软件:ubuntu16.04 LTS+GeForce GTX 1070+TensorFlow
1、准备阶段
电脑配置: CPU: intel 酷睿 i7-7700k、显卡: GTX1070、内存:16G、硬盘:256G SSD + 2TB机械硬盘
软件: ubuntu16.04+cuda8+cudnn8+Anaconda2+tensorflow
2、安装NVIDIA GTX1070显卡驱动 (驱动也可以事先下载后再装)
如果ubuntu上曾经安装过驱动,则首先删除之前的驱动,然后再进行下面的操作。如果没有安装过,则直接进入下面的步骤。
1)sudo add-apt-repository ppa:graphics-drivers/ppa
2)sudo apt-get update
3)sudo apt-get install nvidia-384
4)sudo apt-get install mesa-common-dev
出现问题:“E: 无法定位软件包 mesa-commmon-dev”
解决办法:我当初在输入mesa后按Tab键自动补全就好了(很奇怪:为啥直接输入的名字却识别不了)。如果这样也不行的话,可能需要更新镜像源了。
出现问题2:E: 无法获得锁 /var/lib/dpkg/lock - open (11: 资源暂时不可用)
E: 无法锁定管理目录(/var/lib/dpkg/),是否有其他进程正占用它?
解决方法:sudo rm /var/cache/apt/archives/lock
sudo rm /var/lib/dpkg/lock
5)sudo apt-get install freeglut3-dev
注:当然也可以先下载显卡驱动,然后再装驱动。
6)测试显卡驱动是否安装成功
命令:nvidia-smi
出现问题:NVIDIA-SMI has failed because it couldn't communicate with the NVIDIA driver. Make sure that the latest NVIDIA driver is installed and running.

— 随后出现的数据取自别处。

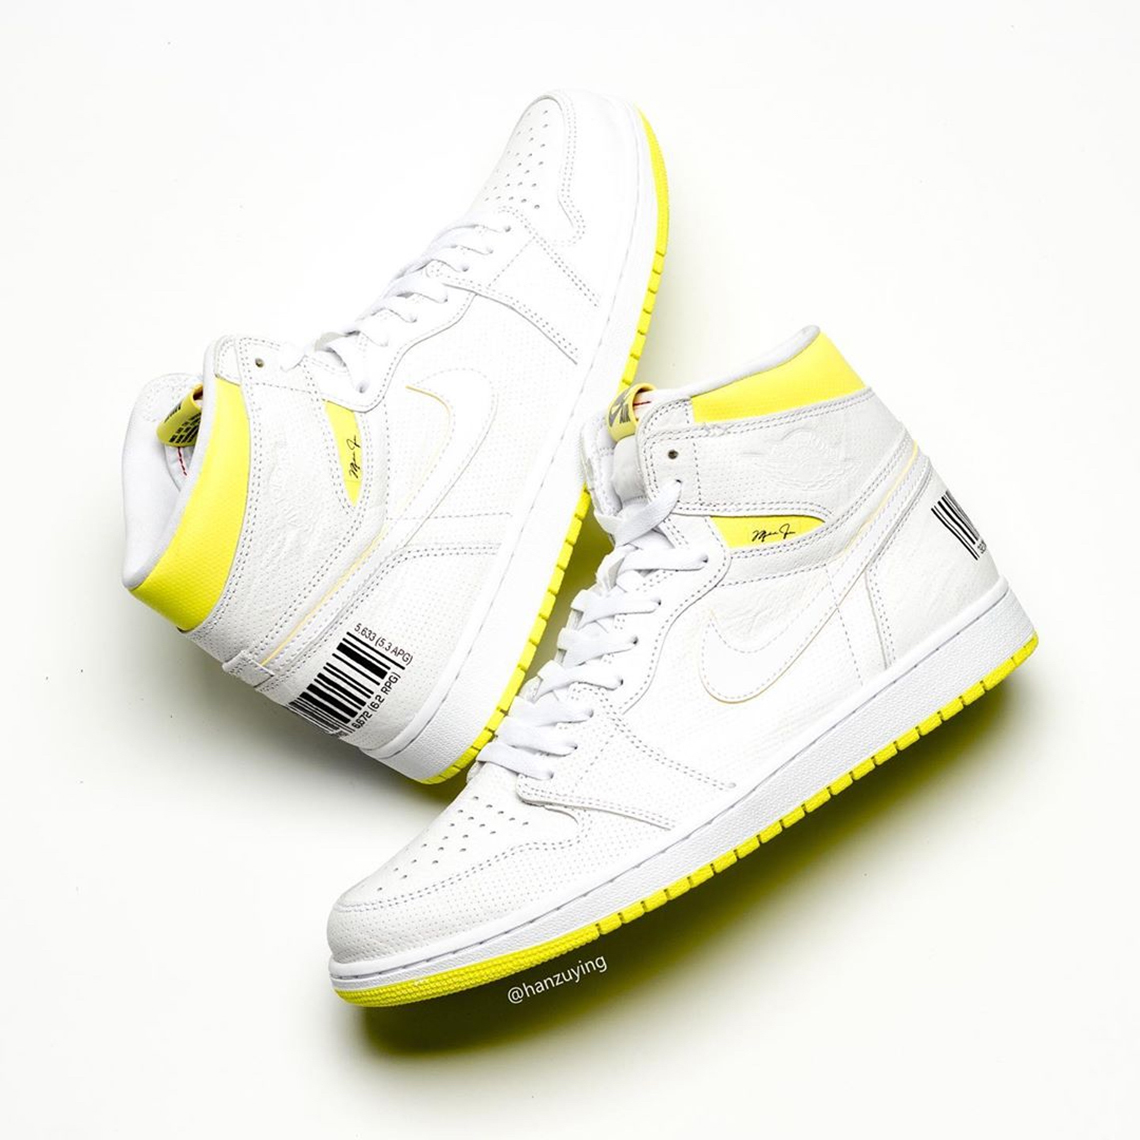 factory outlets amazon half price Air Jordan 1 First Class Flight Release Info | SneakerNews.com

解决方法:重启系统就好了(原因位置),重新输入命令后出现下面的结果,则表面cuda安装成功。
3、安装cuda
下载链接:https://developer.nvidia.com/cuda-downloads
官方安装教程:http://docs.nvidia.com/cuda/cuda-quick-start-guide/index.html
1)sudo sh cuda_8.0.44_linux.run
注:下面这句一定要写'n',不然前面装的驱动不是白装了
Install NVIDIA Accelerated Graphics Driver for Linux-x86_64 384.81?
-------------------------------------------------------------
Do you accept the previously read EULA?
accept/decline/quit: accept
Install NVIDIA Accelerated Graphics Driver for Linux-x86_64 384.81?
(y)es/(n)o/(q)uit: n
Install the CUDA 8.0 Toolkit?
(y)es/(n)o/(q)uit: y
Enter Toolkit Location
[ default is /usr/local/cuda-8.0 ]:
Do you want to install a symbolic link at /usr/local/cuda?
(y)es/(n)o/(q)uit: y
Install the CUDA 8.0 Samples?
(y)es/(n)o/(q)uit: y
Enter CUDA Samples Location
[ default is /home/xw ]:
Installing the CUDA Toolkit in /usr/local/cuda-8.0 ...
Missing recommended library: libXi.so
Missing recommended library: libXmu.so
Installing the CUDA Samples in /home/xw ...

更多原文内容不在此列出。